Clinical manifestation of BVMD is mainly limited to the posterior pole [6]. The disease course usually progresses through five clinical stages, namely, previtelliform (stage 1), vitelliform (stage 2), pseudohypopyon (stage 3), vitelliruptive (stage 4) and atrophic stage (stage 5) [5]. Most patients with BVMD maintain good functional vision throughout the course of disease. However, choroidal neovascularization (CNV) can occur resulting in poor vision if left untreated. The incidence of CNV was reported to be about 20% in earlier studies [6, 7] and as high as 65% in a more recent study using optical coherence tomography angiography [8]. Macular hole is another rare vision-threatening complication of BVMD [9].
Even though the primary site of involvement in BVMD seems to be in the RPE [10], the pathophysiology is not fully understood. Therefore it is worthwhile to study choroid in BVMD in view of the close structural and functional relationship between RPE and choroid as well as the risk of CNV in BVMD [11]. To date, understanding of choroidal pathology in BVMD is still very limited [12] because of the rarity of the disease, physical inaccessibility of the choroid and the lack of reliable biomarkers.
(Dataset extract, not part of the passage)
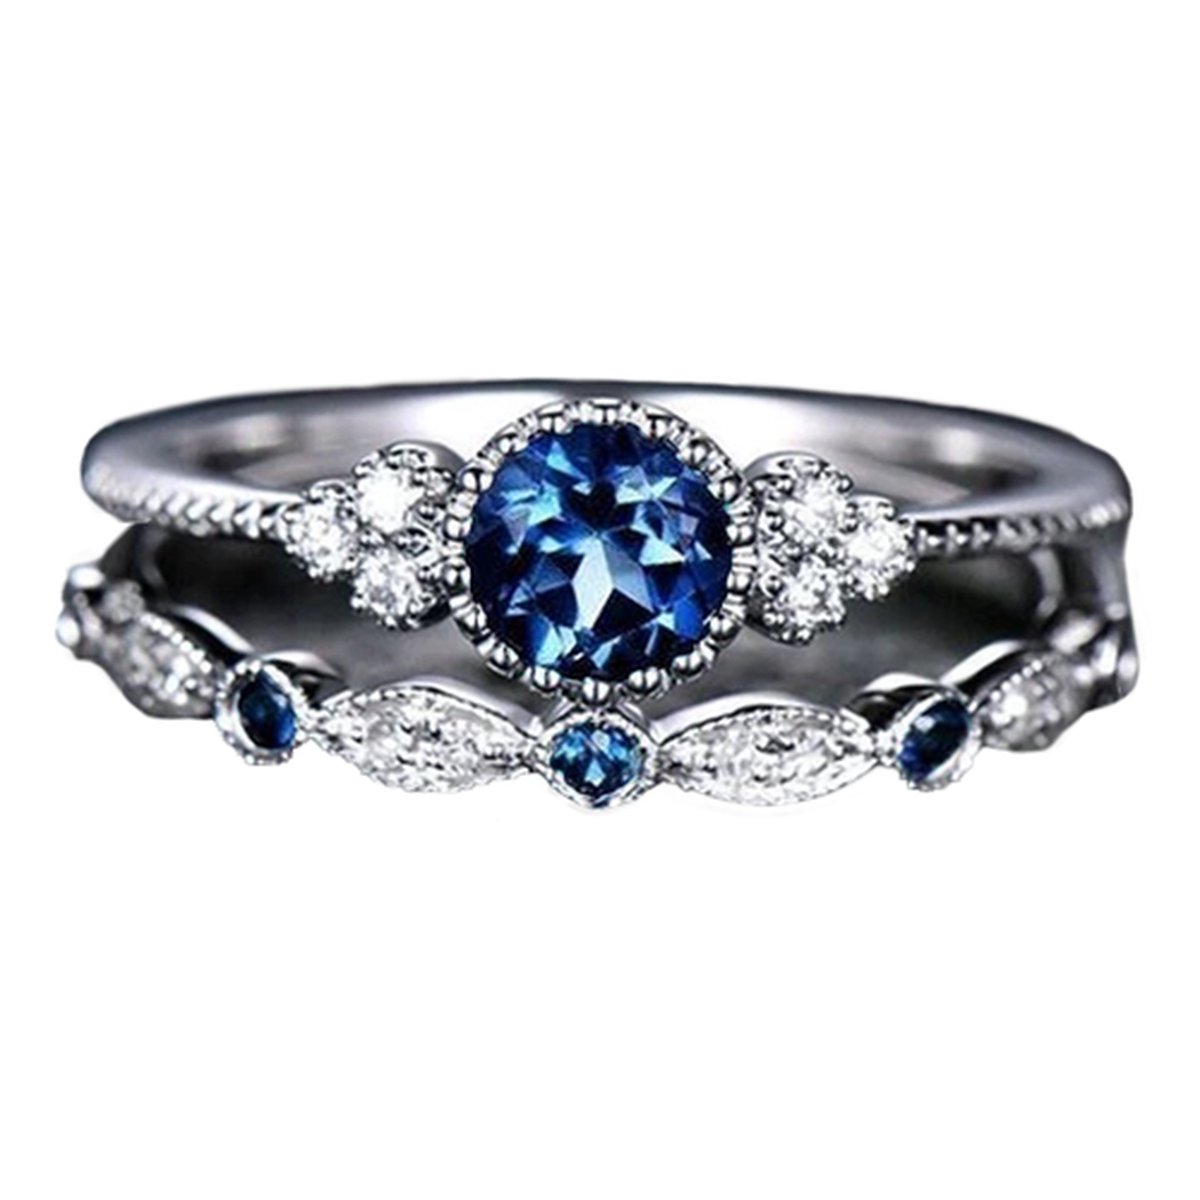 Ring blauwe steen (set) - Met edelsteen - Ring met steen dames - Ring maat 18 zilver kleurig staal - Maat 57 ring dames ringen set van 2 - Blauw

With the advancement in optical coherence tomography (OCT), especially the use of enhanced depth imaging (EDI), choroidal structure can be assessed accurately and reliably in a non-invasive manner [13]. In addition, choroidal vascularity index (CVI) was developed as a novel biomarker for choroidal angioarchitecture [14]. Compared to the traditional choroidal thickness (CT), CVI takes into account changes in both the vascular and stromal area in the choroid and is proven to be a more robust marker in numerous ocular and systemic conditions [15]. In this study, we aim to investigate choroidal structural changes measured by CVI and CT in eyes with BVMD in different clinical stages by comparing to health controls.
Methods
This was a retrospective cross-sectional study carried out at tertiary eye centres in India and Italy between 2016 and 2018. Patients with BVMD, as well as normal control subjects who were age- and gender-matched, were recruited from all centres. BVMD was diagnosed clinically on the basis of characteristic funduscopic changes except in previtelliform stage, an abnormal electrooculogram (EOG, Arden ratio < 1.5) and the presence of a positive family history with at least one affected first-order relative. Subjects were excluded if they had significant media opacity, refractive error of more than − 6 dioptre spherical equivalent or abnormal fixation e.g. nystagmus. Ethics approval was obtained from the institutional review boards and written informed consent was obtained from each subject. This study adhered to the tenets of Declaration of Helsinki.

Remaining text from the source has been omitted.